用户可以通过spark.udf功能添加自定义函数,实现自定义功能
1.UDF
步骤:
- 创建DataFrame
scala> val df = spark.read.json("data/user.json")
df: org.apache.spark.sql.DataFrame = [age: bigint, username: string]
- 注册UDF
scala> spark.udf.register("addName",(x:String)=> "Name:"+x)
res9: org.apache.spark.sql.expressions.UserDefinedFunction = UserDefinedFunction(<function1>,StringType,Some(List(StringType)))
- 创建临时表
scala> df.createOrReplaceTempView("people")
- 应用UDF
scala> spark.sql("Select addName(name),age from people").show()
2 UDAF
2.1 UDAF原理
需求:计算平均工资
一个需求可以采用很多种不同的方法实现需求
1) 实现方式 - RDD
val conf: SparkConf = new SparkConf().setAppName("app").setMaster("local[*]")
val sc: SparkContext = new SparkContext(conf)
val res: (Int, Int) = sc.makeRDD(List(("zhangsan", 20), ("lisi", 30), ("wangw", 40))).map {
case (name, age) => {
(age, 1)
}
}.reduce {
(t1, t2) => {
(t1._1 + t2._1, t1._2 + t2._2)
}
}
println(res._1/res._2)
// 关闭连接
sc.stop()
2) 实现方式 - 累加器
class MyAC extends AccumulatorV2[Int,Int]{
var sum:Int = 0
var count:Int = 0
override def isZero: Boolean = {
return sum ==0 && count == 0
}
override def copy(): AccumulatorV2[Int, Int] = {
val newMyAc = new MyAC
newMyAc.sum = this.sum
newMyAc.count = this.count
newMyAc
}
override def reset(): Unit = {
sum =0
count = 0
}
override def add(v: Int): Unit = {
sum += v
count += 1
}
override def merge(other: AccumulatorV2[Int, Int]): Unit = {
other match {
case o:MyAC=>{
sum += o.sum
count += o.count
}
case _=>
}
}
override def value: Int = sum/count
}
3) 实现方式 - UDAF - 弱类型
强类型的Dataset和弱类型的DataFrame都提供了相关的聚合函数, 如 count(),countDistinct(),avg(),max(),min()。除此之外,用户可以设定自己的自定义聚合函数。
- 通过继承
UserDefinedAggregateFunction
来实现用户自定义弱类型聚合函数。 - 从Spark3.0版本后,
UserDefinedAggregateFunction
已经不推荐使用了。可以统一采用强类型聚合函数Aggregator
- 弱类型的特点就是只能通过ROW的索引获取对应的字段,强类型可以直接通过类的属性获取
/*
定义类继承UserDefinedAggregateFunction,并重写其中方法
*/
class MyAveragUDAF extends UserDefinedAggregateFunction {
// 聚合函数输入参数的数据类型
def inputSchema: StructType = StructType(Array(StructField("age",IntegerType)))

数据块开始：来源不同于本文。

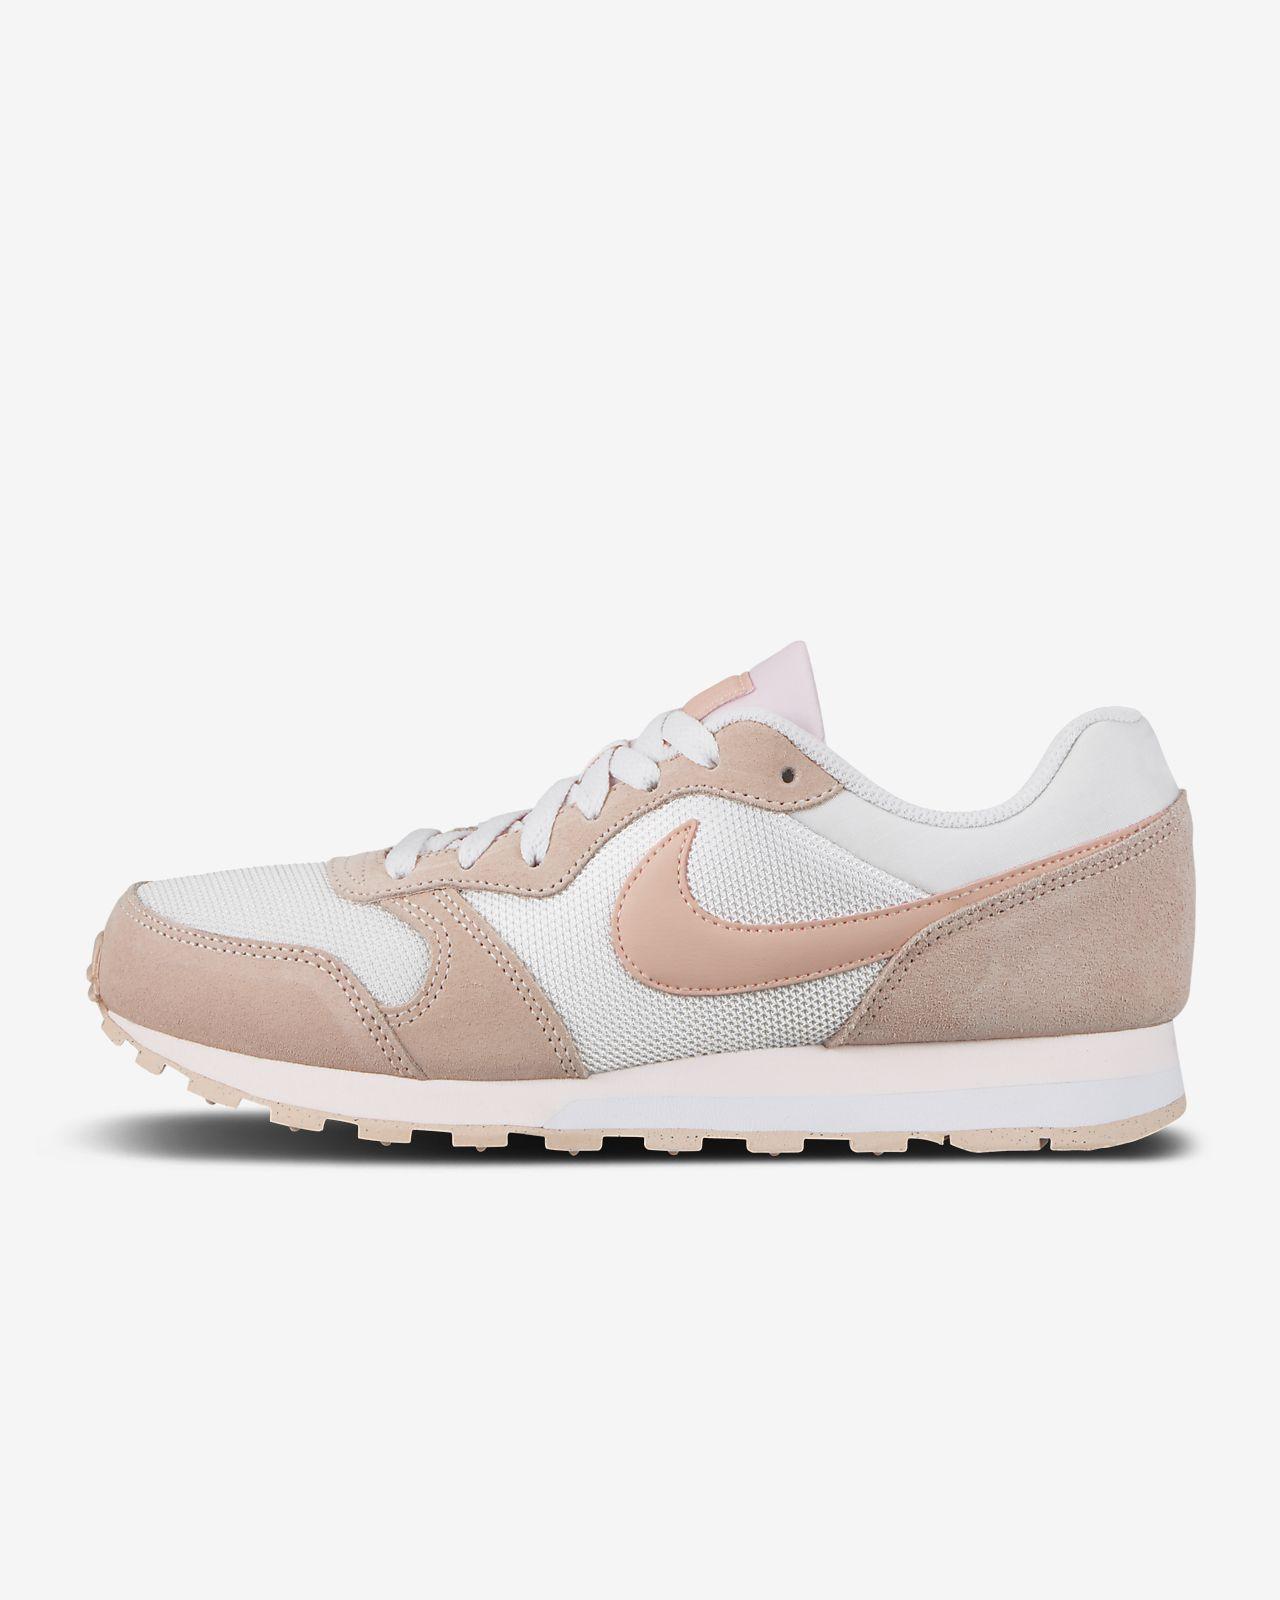 Nike MD Runner 2 Women's Shoe
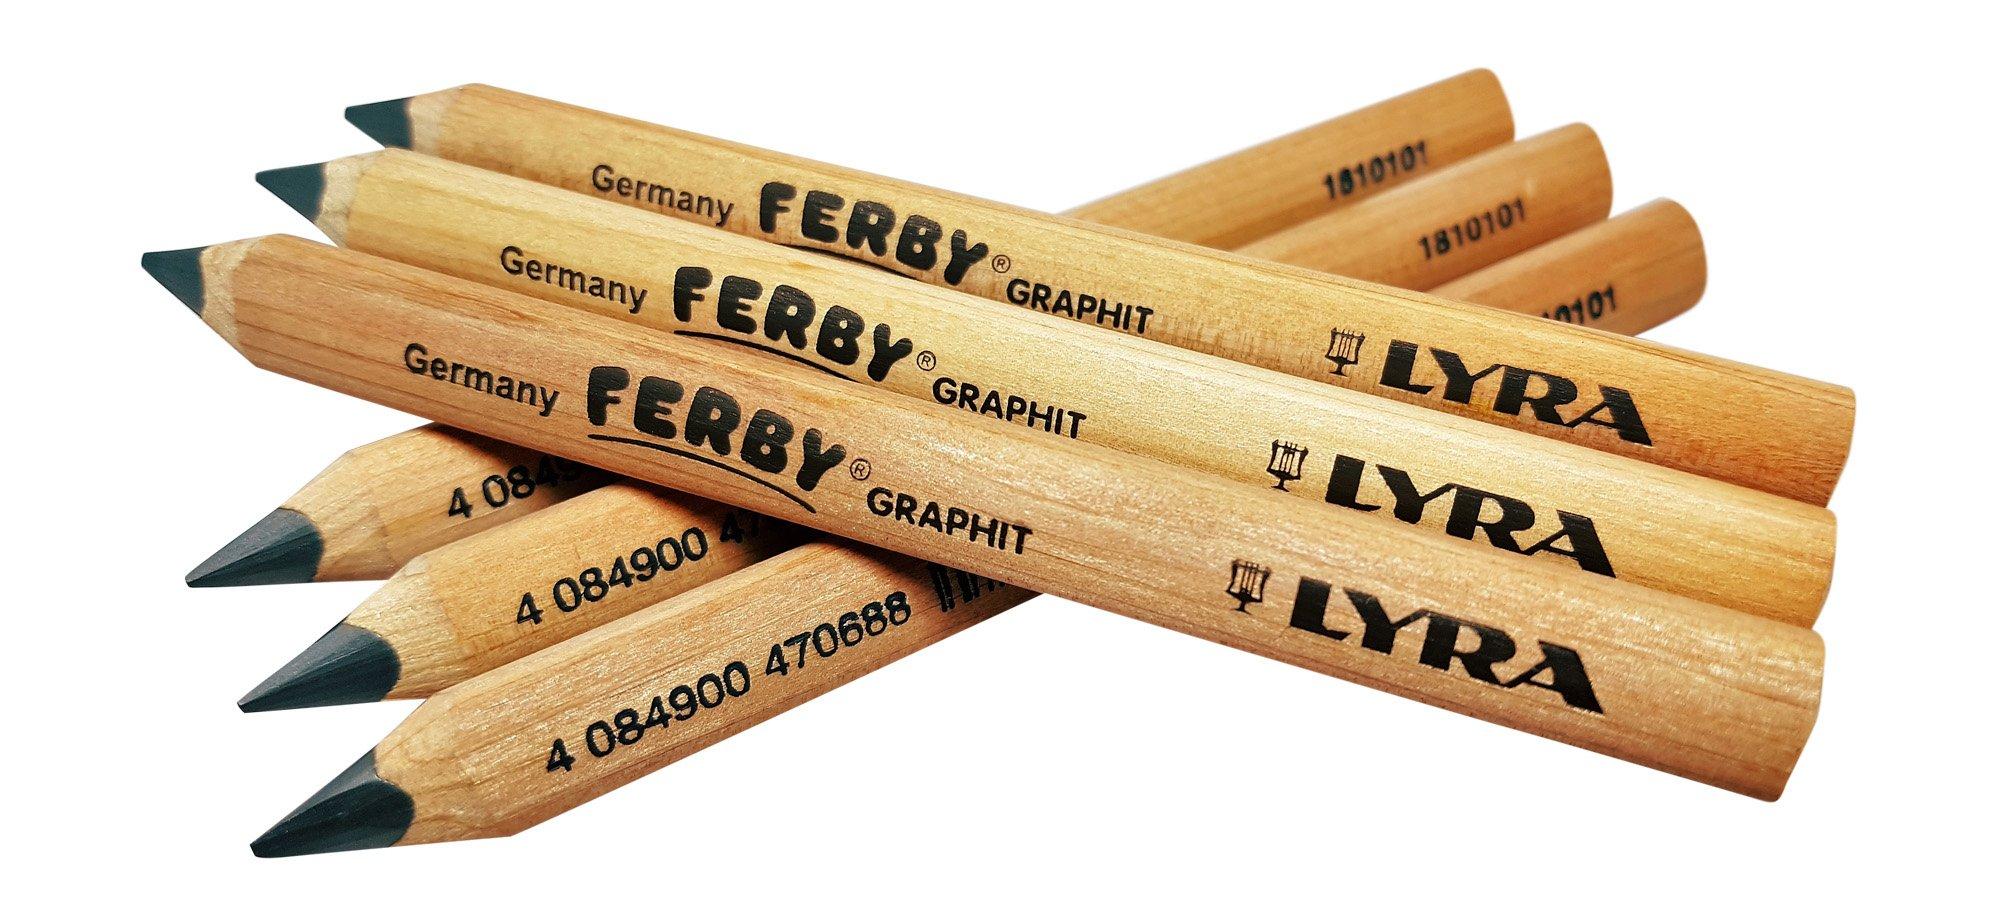 Lyra Ferby Short Tri grip Triangular Children Kindergarten Pencils, School supplies Beginner grip writing pencil for kids, Triangle Pencils, 6 Pencils by Lyra.inc

// 聚合函数缓冲区中值的数据类型(age,count)
def bufferSchema: StructType = {
StructType(Array(StructField("sum",LongType),StructField("count",LongType)))
}
// 函数返回值的数据类型
def dataType: DataType = DoubleType
// 稳定性:对于相同的输入是否一直返回相同的输出。
def deterministic: Boolean = true
// 函数缓冲区初始化
def initialize(buffer: MutableAggregationBuffer): Unit = {
// 存年龄的总和
buffer(0) = 0L
// 存年龄的个数
buffer(1) = 0L
}
// 更新缓冲区中的数据
def update(buffer: MutableAggregationBuffer,input: Row): Unit = {
if (!input.isNullAt(0)) {
buffer(0) = buffer.getLong(0) + input.getInt(0)
buffer(1) = buffer.getLong(1) + 1
}
}
// 合并缓冲区
def merge(buffer1: MutableAggregationBuffer,buffer2: Row): Unit = {
buffer1(0) = buffer1.getLong(0) + buffer2.getLong(0)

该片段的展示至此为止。